Principali funzioni INCI (cosmesi)
(Per ingredienti cosmetici derivati dal teff, es. Eragrostis Tef Seed Extract, Eragrostis Tef Seed Powder)
Assorbente
Addensante
Esfoliante delicato (nelle forme in polvere)
Condizionante della pelle
Supporto strutturale in formulazioni di prodotti naturali
Conclusione
Il teff è un cereale antico, nutriente e versatile, capace di fornire fibre, proteine e minerali in una forma naturalmente priva di glutine. La sua farina, dal sapore piacevolmente aromatico, si presta alla preparazione di pane, dolci e piatti salati, sia nelle cucine tradizionali sia nelle moderne diete gluten-free. Le sue caratteristiche nutrizionali, unite alla buona sostenibilità agricola, lo rendono un ingrediente di crescente interesse per consumatori, nutrizionisti e industria alimentare. Anche in cosmetica alcune frazioni del seme trovano utilizzo grazie alla capacità assorbente e alla delicatezza delle particelle.
Studi
Valore nutrizionale. Il teff è una fonte eccellente di proteine, fibre, calcio, ferro e magnesio (1), oltre a contenere una serie di altri minerali e vitamine essenziali. Grazie alla sua dimensione estremamente piccola, il teff è facile da digerire, rendendolo una buona scelta alimentare per persone con sensibilità digestive o malattie intestinali, inoltre cuoce rapidamente rispetto ad altri cereali integrali, facilitando la preparazione di pasti nutrienti quando si ha poco tempo.

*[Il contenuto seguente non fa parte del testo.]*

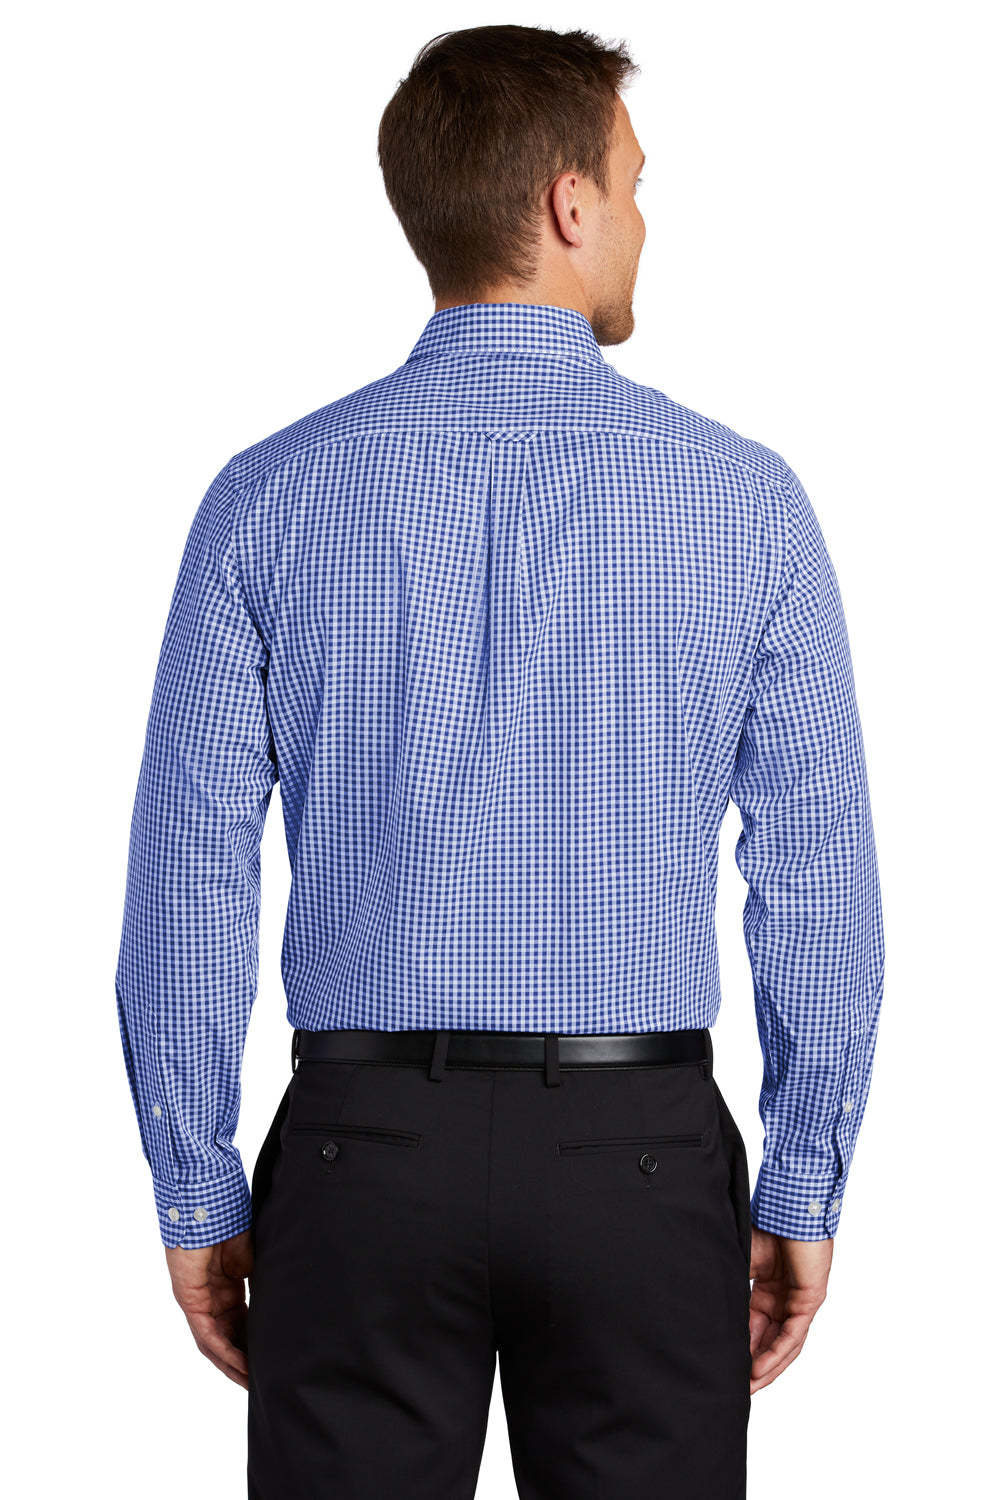 Port Authority Mens Broadcloth Gingham Long Sleeve Button Down Shirt w/ Pocket True Royal Blue/White Side
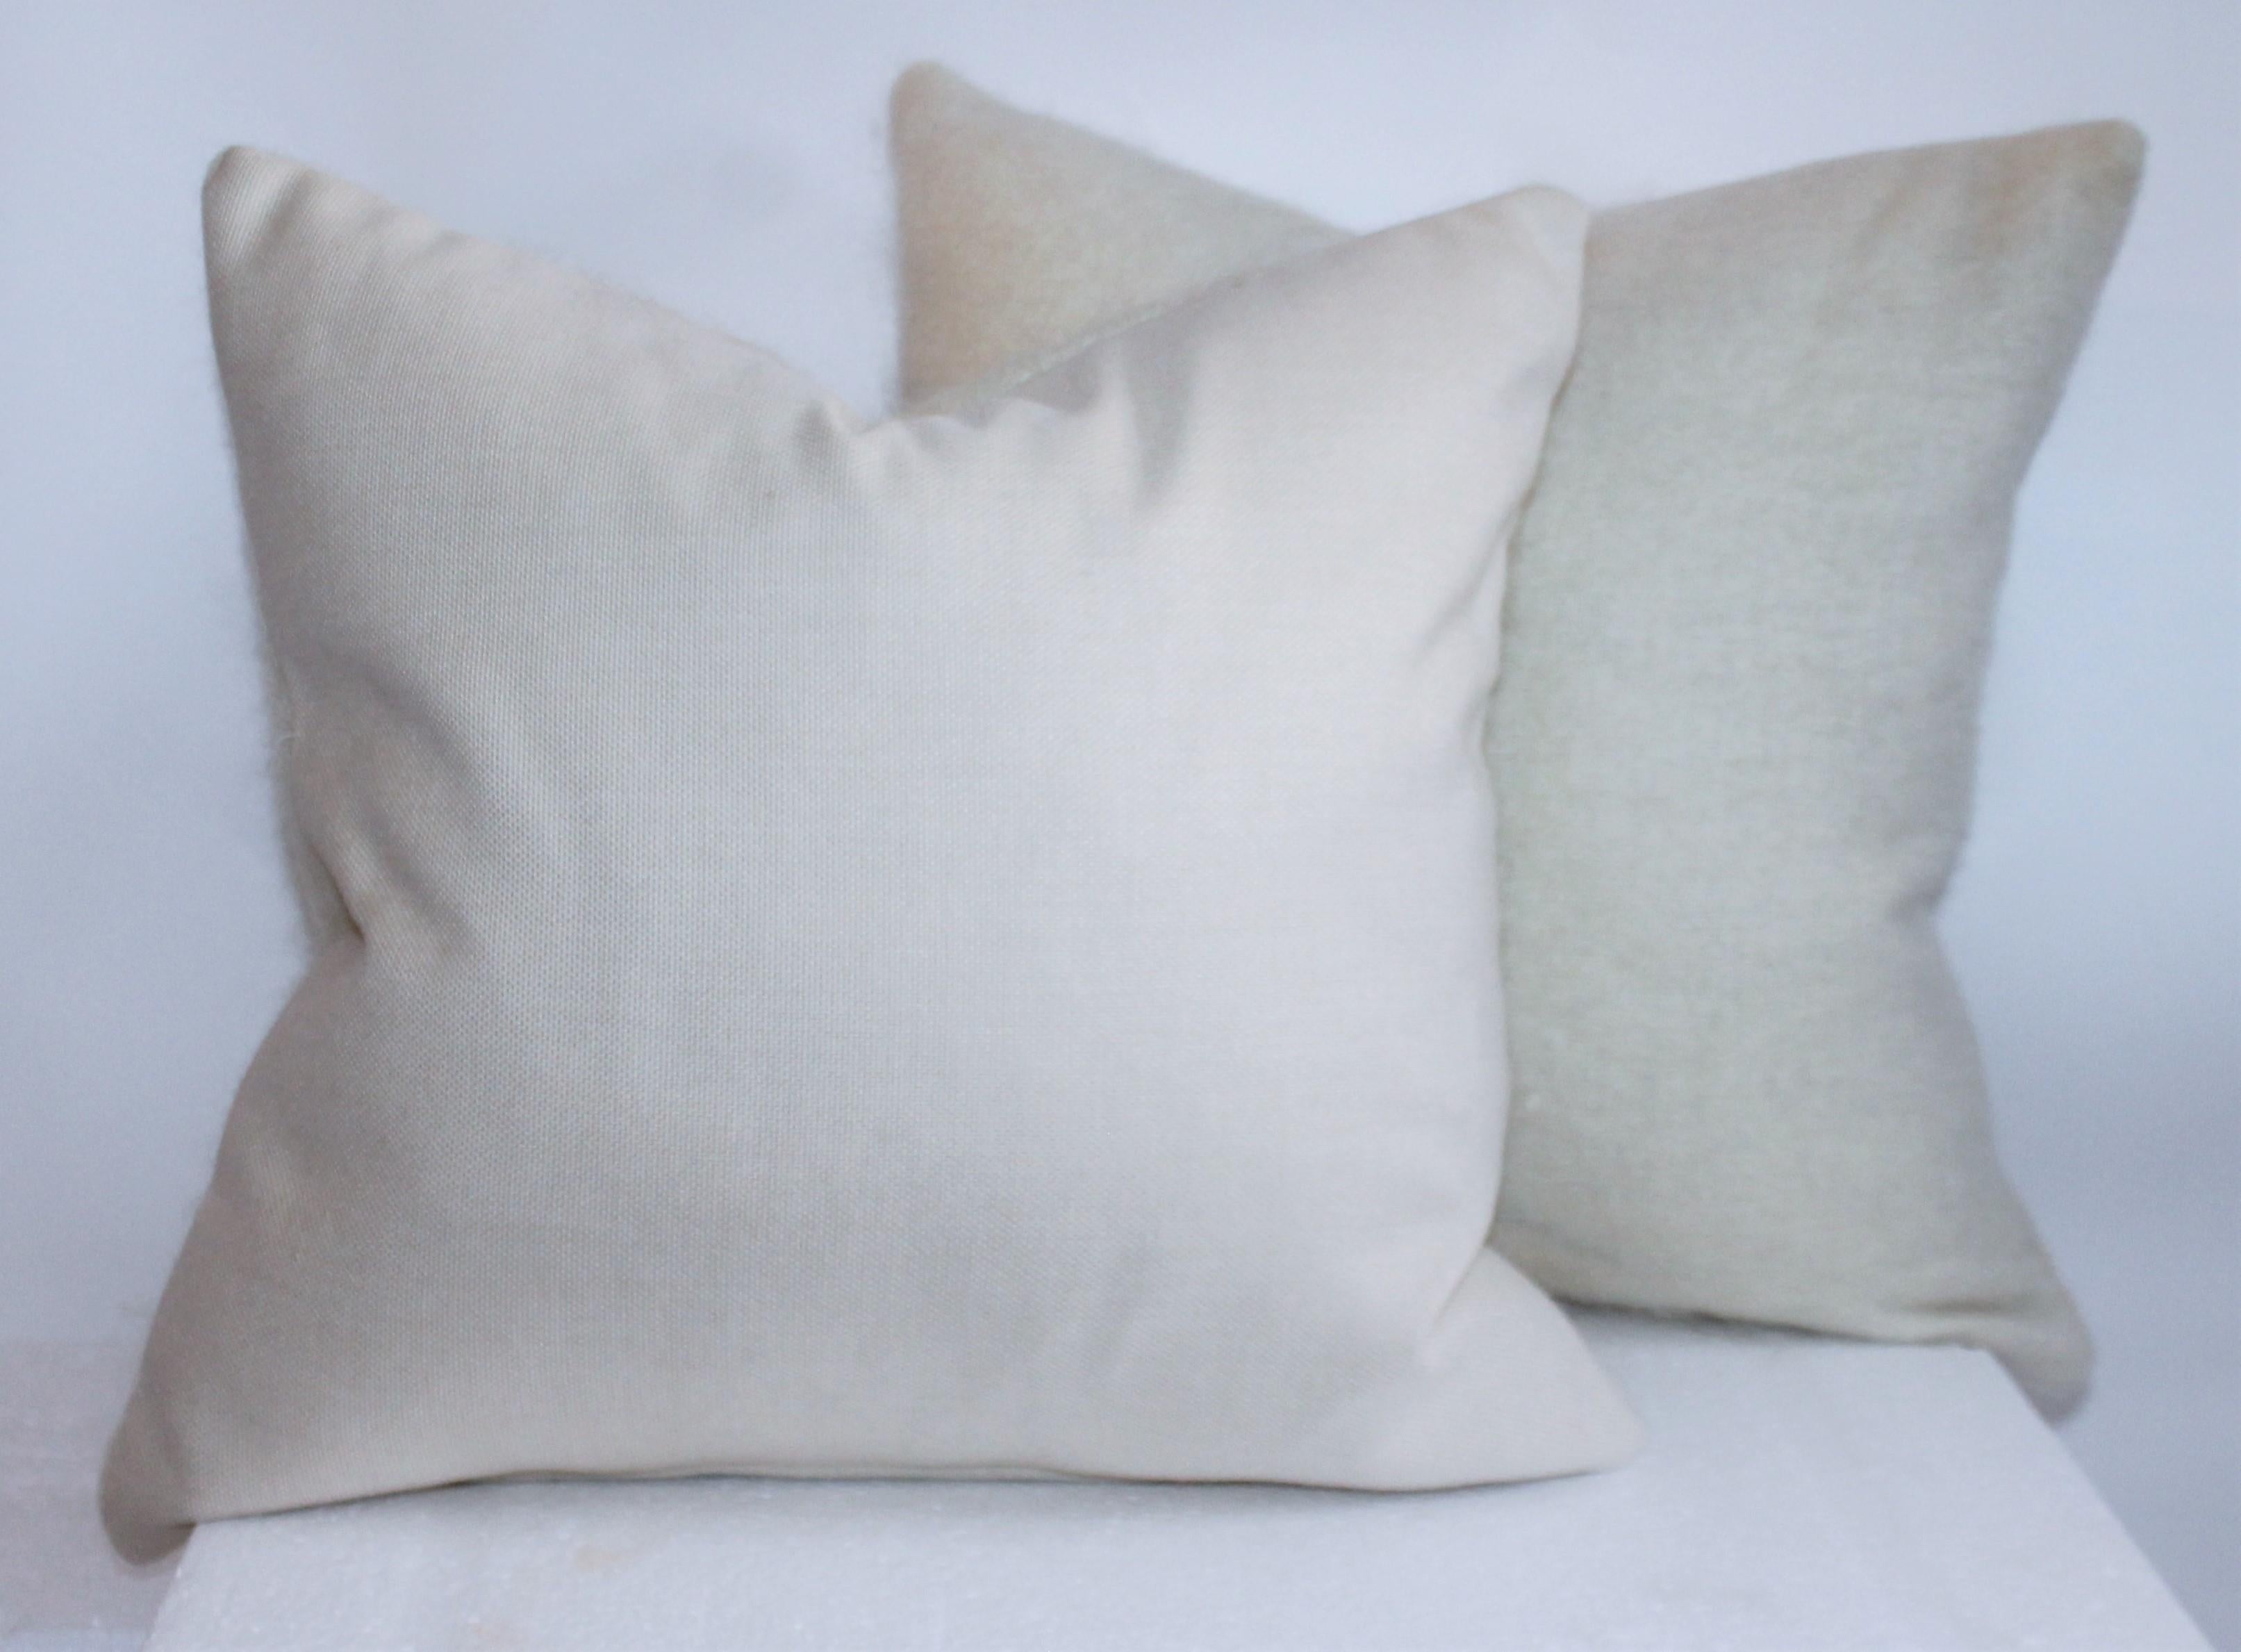 American Amazing Lambs Wool Pillows, Two Pairs For Sale

Il suo consumo è in aumento sia per il prezzo inferiore a quello di altri cereali che per la sua composizione che comprende una vasta gamma di sostanze nutritive: polifenoli, flavonoidi e vari minerali tra i quali ferro e zinco (2).
Può essere utilizzato per produrre una varietà di alimenti, tra cui il tradizionale injera etiope, pane senza lievito, cereali per la colazione, dolci, e come addensante per zuppe e stufati.
Senza glutine. Essendo naturalmente privo di glutine, il teff è una scelta ideale per chi segue una dieta senza glutine.
Resistente alla siccità. Il teff è estremamente resistente alla siccità, rendendolo una coltura sostenibile che può crescere in ambienti aridi e contribuire alla sicurezza alimentare.
Mini-glossario
SFA – Saturated fatty acids: acidi grassi saturi; da limitare in eccesso per impatto sul colesterolo LDL.
MUFA – Monounsaturated fatty acids: acidi grassi monoinsaturi; positivi sul piano cardiometabolico quando sostituiscono i saturi.
PUFA – Polyunsaturated fatty acids: acidi grassi polinsaturi; includono omega-3 e omega-6, importanti per infiammazione e salute cardiovascolare.